In the life of every being there is this terrible and marvelous moment, which penetrates like a beacon into the consciousness of few and like a sacrosanct suffering to the subconscious of the greater majority: the moment when one recognises the finitude of one's own existence. But, our heads full of false notions, we have learnt to consider as just, imperative, definitive, and immutable, many false and disgusting things, and, above all, this curious paralysis, unnecessary but manifestly useful, which seizes us at the same time as the desire for a utopia which would seem right to us.


With my eyes and ears, I register everything, that is, the fresh faces, the calm and uniform landscape, the pompous conversations of businessmen, the anxious looks of immigrants, all accompanied by the words sent by RWF which ricochet in a thousand ways around Swiss images, of which they make the legend.


Our relations with others are cruel games, because we don't want to recognise our end as something positive. It is positive, because it is real. The end is the concrete life. The body has to understand death.
We have been taught to take such false and retentive ideas as our own, and even the struggle for certain utopias can only make these ideas endlessly recommence, allowing methods which turn out to be false -- not more false, no, but exactly as false as all the rest.

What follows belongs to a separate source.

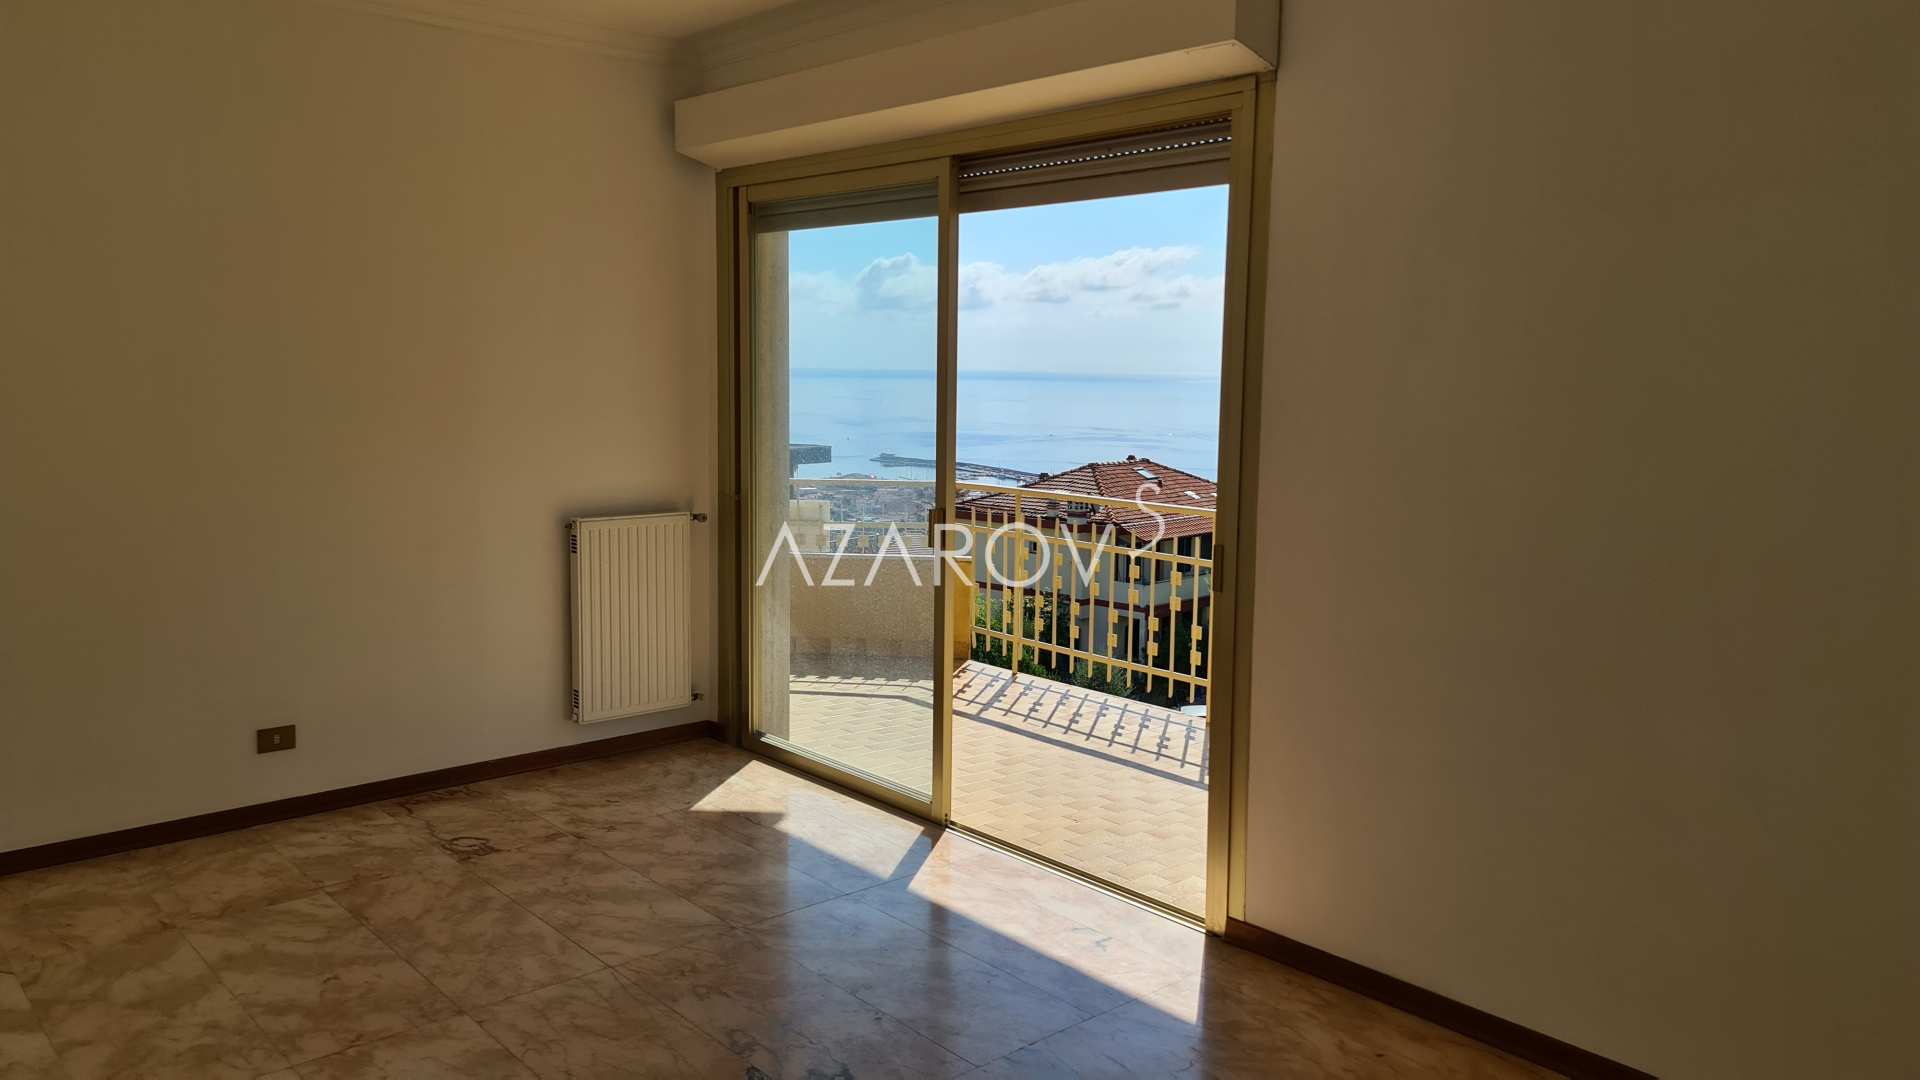 Appartamento a Sanremo con vista mare

The final impression felt by the author of these lines at the end of his imaginary voyage - over the course of which life will have escaped to give back to the cinema that which it stole from it, such as Louis Dellue ardently wished from 1925 --


All the same, the terrible recognition of our approaching end - rather than liberating us, which truly could be the case - can serve to consolidate for us the atrocious enjoyment of our happiness in the mediocrity of servitude. The pleasure which this same recognition could offer to every being, this recognition of the ultimate absence of meaning and the essential contingency of all existence, precisely from the sacred moment when this recognition is acquired - This pleasure which should have rendered to each existence its meaning in the freedom of the decision, which is a great force in the struggle for something marvelous, something possible - for something which, in a constructive manner, gives meaning where there is none... We have not learnt to know it as a pleasure, as a joyously freed joy, but rather as an anguish - this anguish which allows us to enjoy servitude without joy. This honourable jungle doesn't seem to possess, beyond suicide, any path which leads beyond, if that isn't one.
        ... the path leading to madness, which one can choose to take. But it's a matter of the "world of madness," as it's a matter of death: the hope which they offer us can satisfy us, but it's not certain. And we only have new fragments of the beautiful anarchy which, in the world of madness, must allow the senses to know freedom.

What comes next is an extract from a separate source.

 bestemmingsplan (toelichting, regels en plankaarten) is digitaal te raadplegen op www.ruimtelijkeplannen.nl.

was contained in another letter from RWF, which I received a short time after, and which ten years later was an article, under the title: For us, birds of paradise, it's going to get harder.


One day, when I will demand of myself a decision, one must hope that I will have courage enough to take the right paths, and not succumb to the tremendous variety of red herrings which are offered us.


Dear Freddy, could this footage serve as a denial?